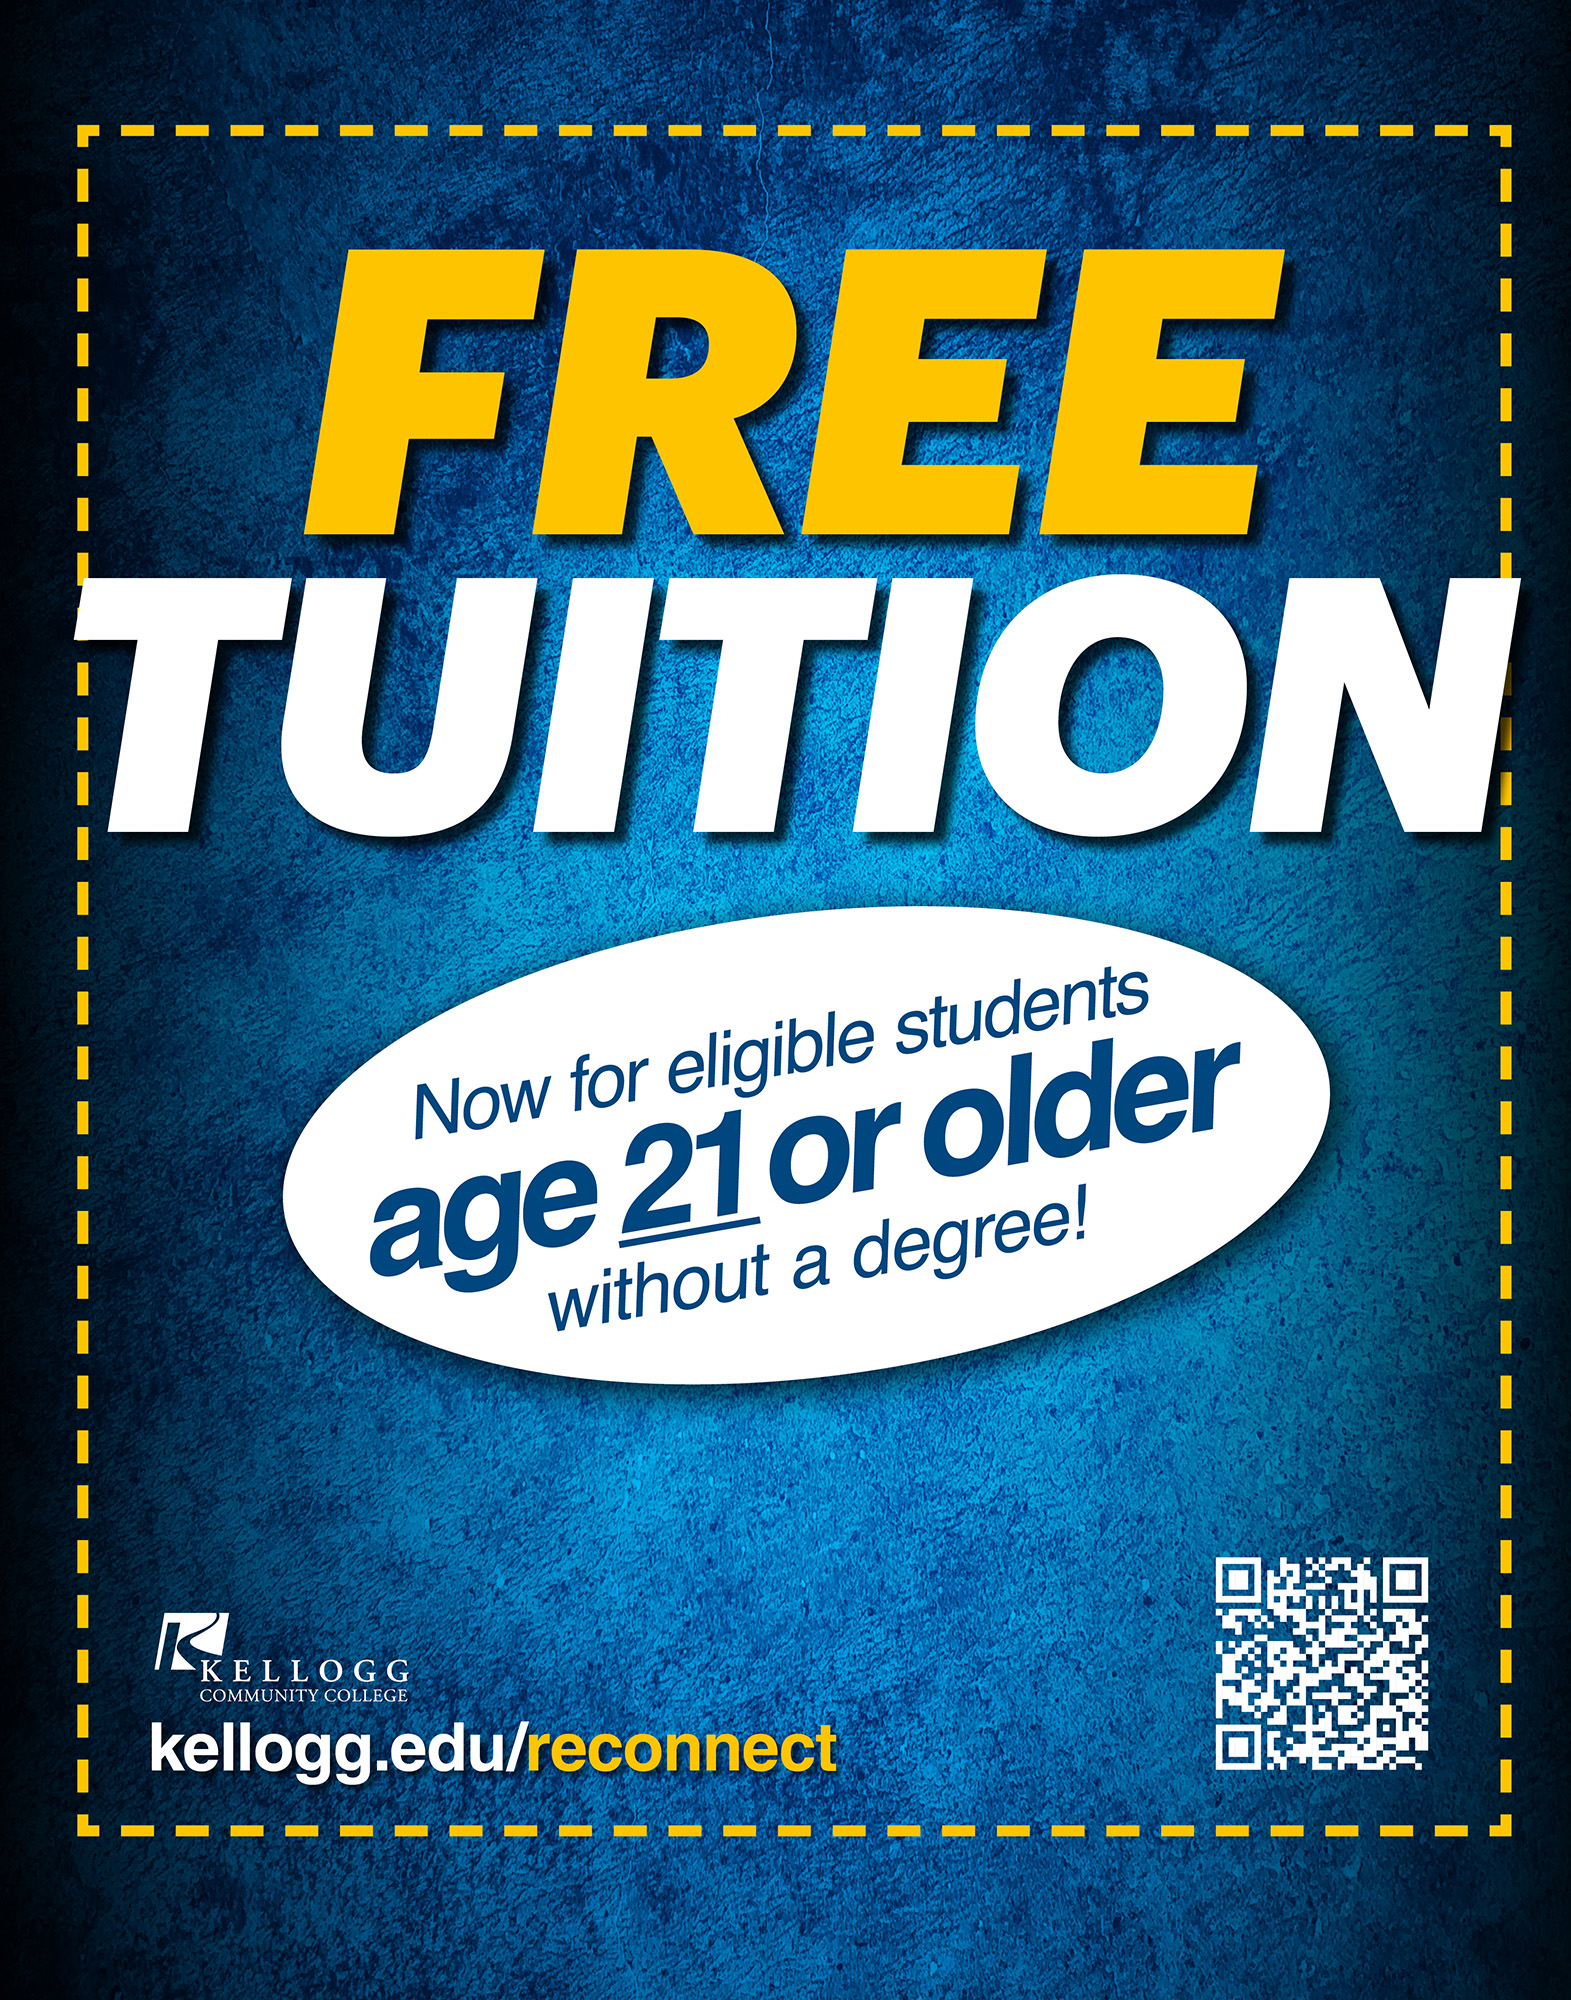 A text graphic that reads, "Free tuition. Now for eligible students age 21 or older without a degree! kellogg.edu/reconnect."
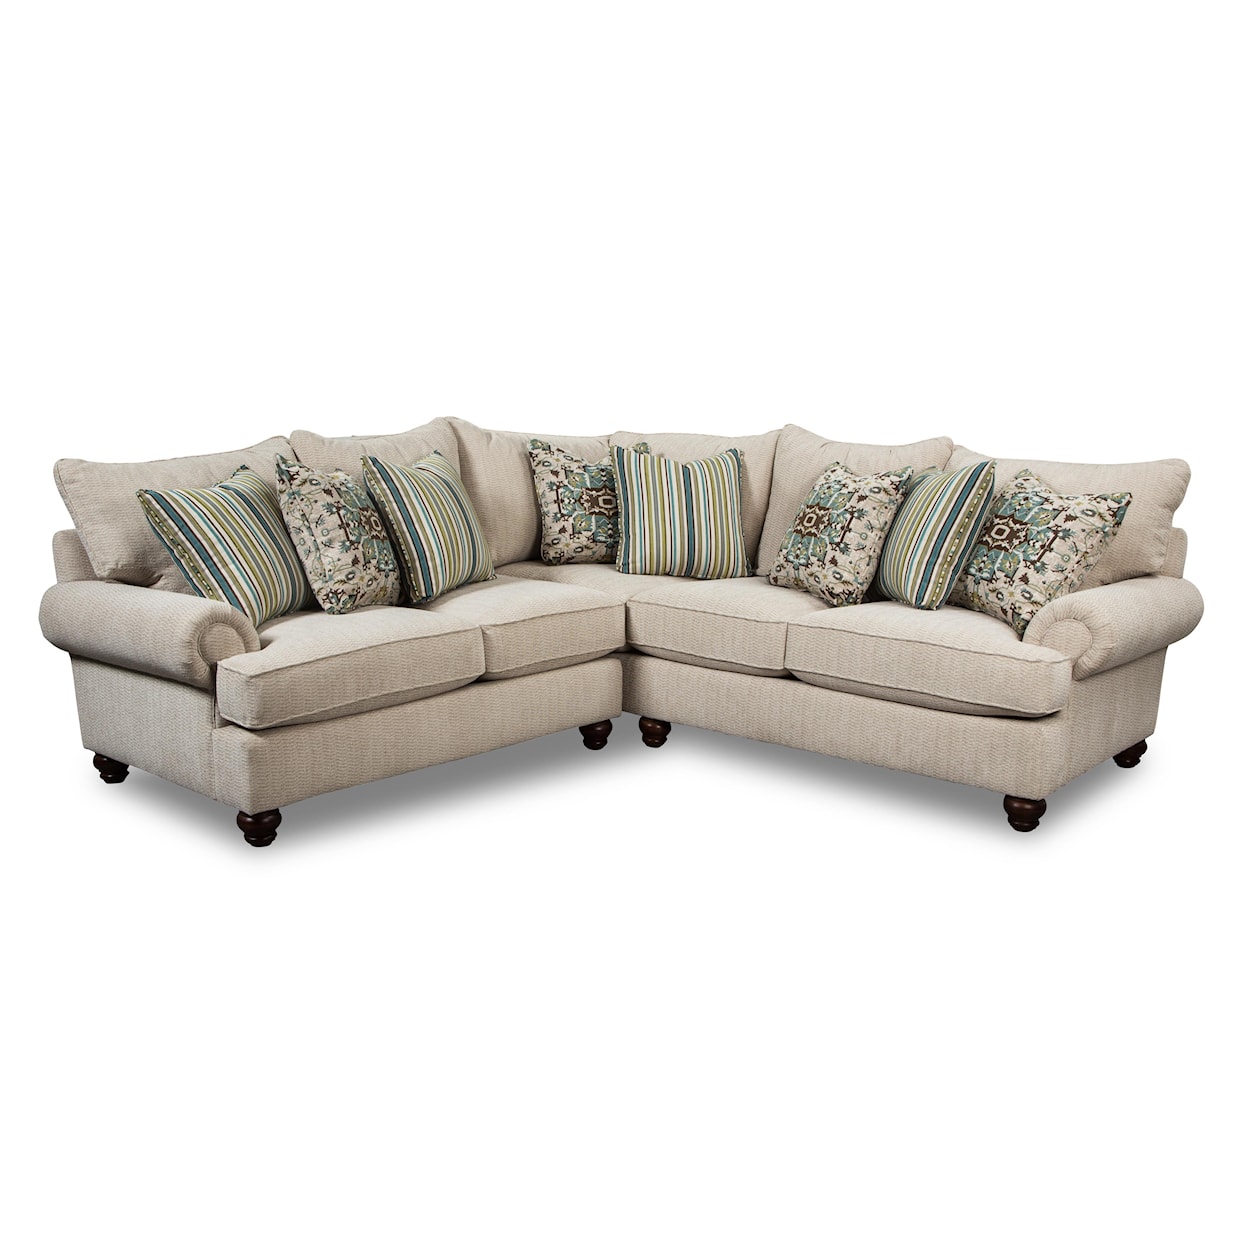 Craftmaster 7970 2 Pc Sectional Sofa
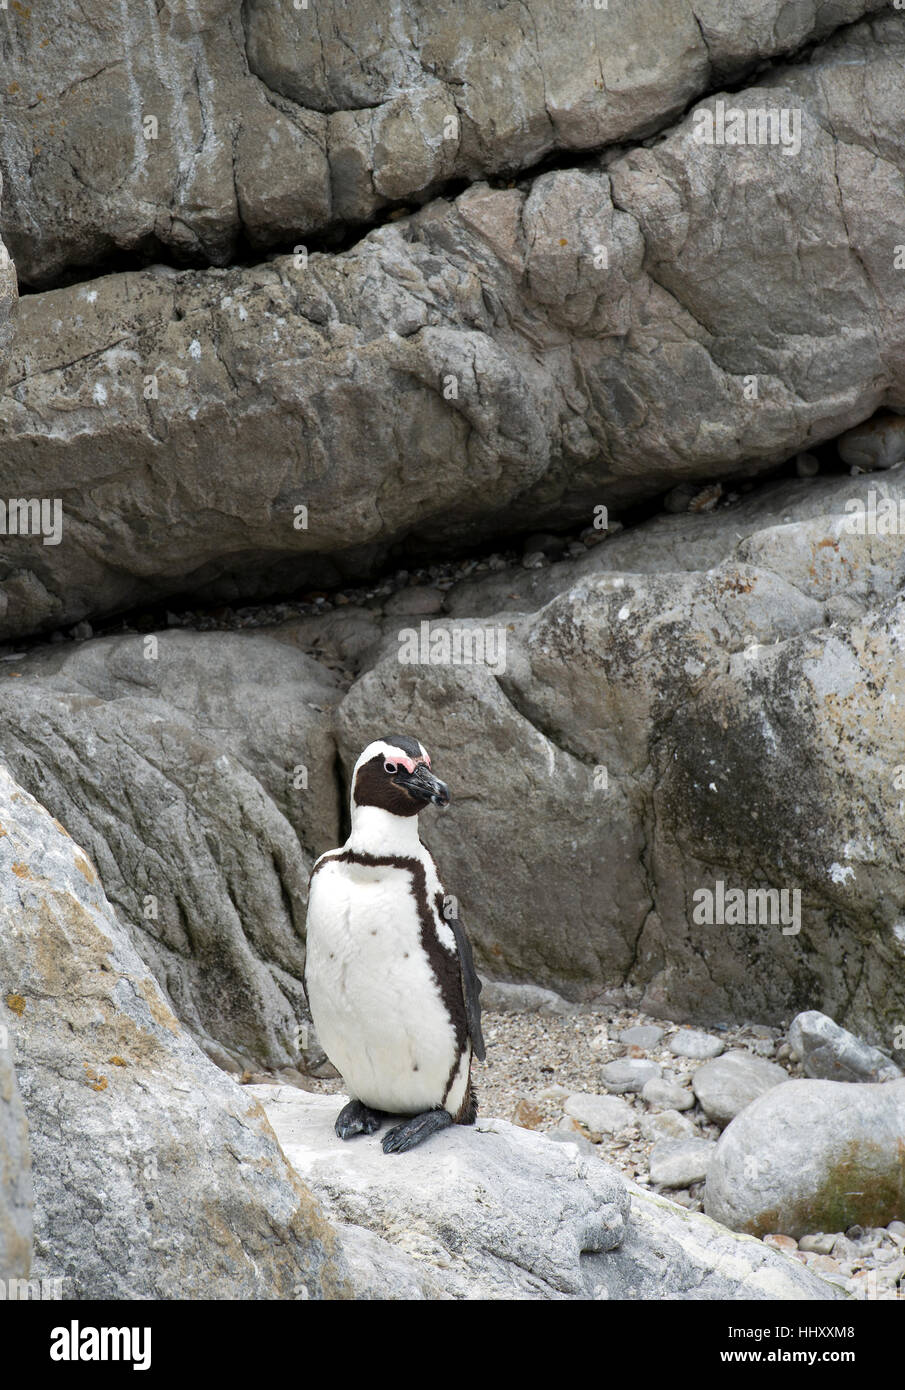 South African penguins (Spheniscus demersus) near Cape Town in South Africa Stock Photo

**What is being asked**
Write the data out again exactly, but without its images.

**Reply to the task**
 A text graphic that reads, "Free tuition. Now for eligible students age 21 or older without a degree! kellogg.edu/reconnect."
 Craftmaster 7970 2 Pc Sectional Sofa
 South African penguins (Spheniscus demersus) near Cape Town in South Africa Stock Photo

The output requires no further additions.